Today it was also announced an historic organ is being reconditioned and transported to the venue where it will provide entertainment in the ballroom for years to come. Bilston town centre manager Mark Connell said the town hall would soon be resembling the thriving hub of activity of old.

He said: "We've spoken to people in Bilston and they've told us that they want the town hall's ballroom to be what it used to be like when it was at the heart of the town.

"We intend to hold tea dances, weddings and younger people have suggested holding concerts there.

"We have fitted a lift now so that will make it accessible to more people."

Mr Connell has enlisted the help of city organist Steve Tovey to help bring the instrument to the town hall.

It is a Compton organ and was first installed in the Lyric Cinema, Wellingborough, in 1936. It was moved to a neighbouring school in 1967 where it has remained ever since.
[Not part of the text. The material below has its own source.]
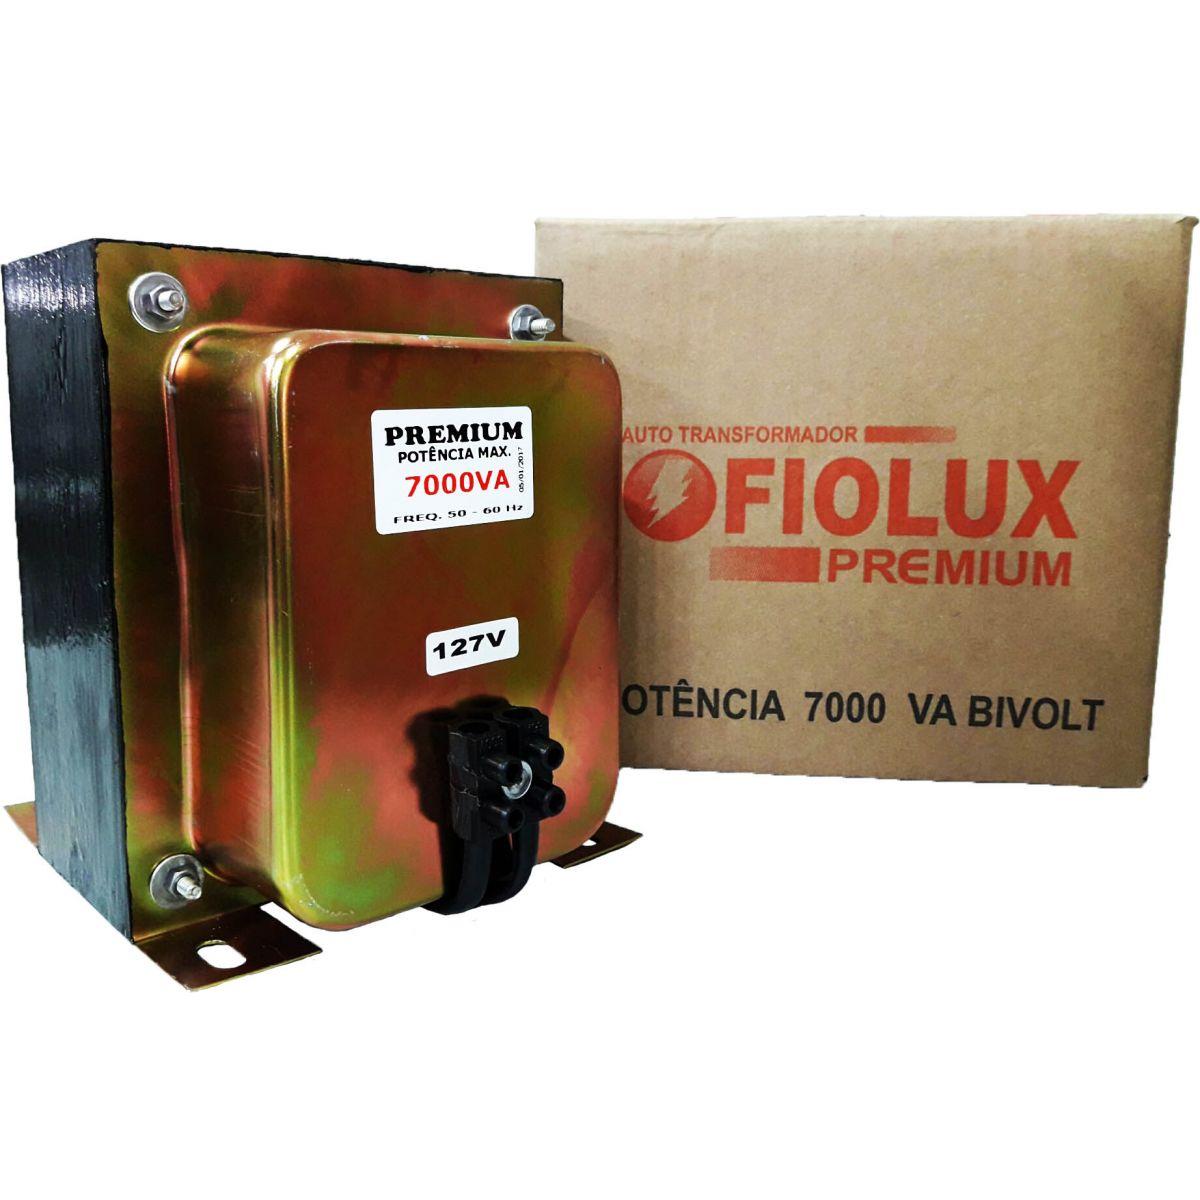 AUTO TRANSFORMADOR FIOLUX PREMIUM 7000 VA BIVOLT

Mr Tovey and a group of 10 helpers have been travelling between the school and Bilston, bringing back the organ in parts.

He said it had been the dream of an unnamed millionaire to see an organ reinstated in the town hall.

Historians have praised the idea.

Frank Sharman, of the Wolverhampton History and Heritage Society, said: "This is great news for the town hall and for Bilston.

"The organ will be installed in the ballroom of the first floor and there it will be used for concerts, regular dances, events and functions and all the usual uses of such an instrument.

"Although it will not rise up through a hole in the floor in the cinema tradition, it will be on the stage and so arranged that the stage can be cleared for events."